Excel 2007 should now go upto column XFD (16384) and row 1048576 on Excel 2007.

See if you can move further by pressing ctrl+right arrow should goto Column XFD 
if not 
got to a new sheet and try ctrl+right arrow and see if a blank worksheet will allow you to move to Column XFD .


----------



## Keebellah (Mar 27, 2008)

Another possibility is that you *are* working in Excel 2007 but with the settings for 2003 and down, the so called compatability mode.
This will also restrict and at least warn when you exceed the IV1 limit set by the older versions.


----------



## slurpee55 (Oct 20, 2004)

I would bet it is the latter, Hans. 2003 only allows through column IV - no more.
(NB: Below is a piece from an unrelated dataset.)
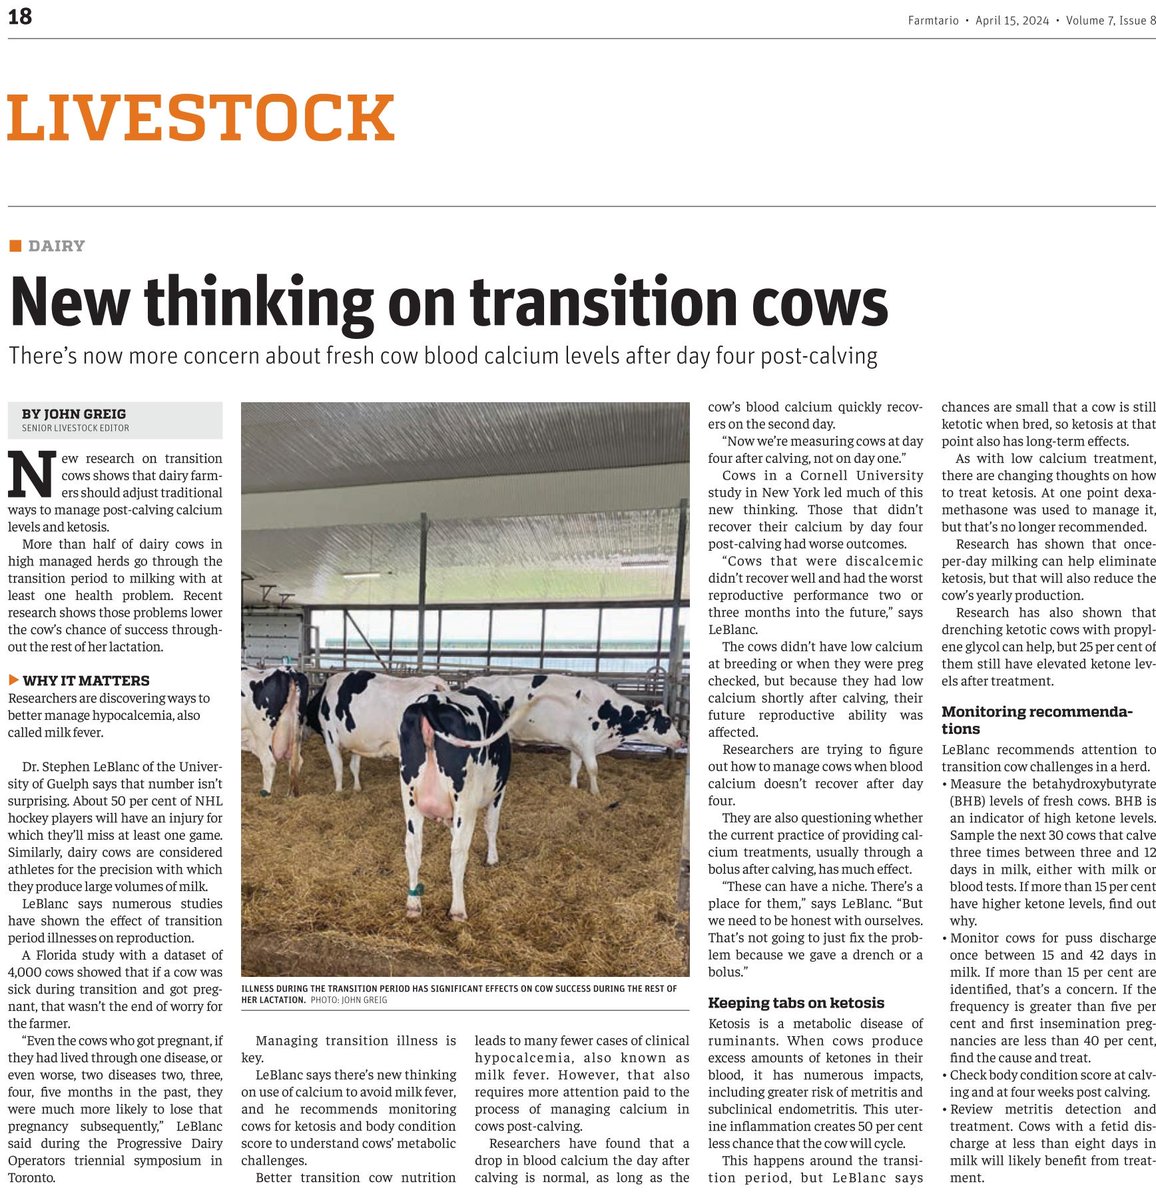 Story in @farmtario from @PDODairy Symposium on transition period research and monitoring from Stephen LeBlanc @dairyresearch1 edition.pagesuite.com/html5/reader/p…

Since that is all Excel 2003 can handle, if they were all full and you attempted to insert a new column A, say, it would have to dump all the data in IV - thus the note and the refusal.

Shillguy, make sure that you aren't running in compatibility mode, as Hans said, and also make sure you only have Excel 2007 installed - if you have both 2003 and 2007 installed, the wrong one may be starting up for you (that is, 2003 when you want 2007.)


----------



## shillguy (Mar 31, 2009)

I checked it out, and yes, as you have pointed out, it is still running in the 2003 Compatible mode. 

If a new file is opened, it goes upto the column XFD, but when I tried to save my current file in the new format of .xlsx, the file is saved in this format but it refuses to go beyond the column IV. 

Kindly guide me further.


----------



## shillguy (Mar 31, 2009)

Thanks Guys!
When I rebotted my PC, the new file worked like a charm.


----------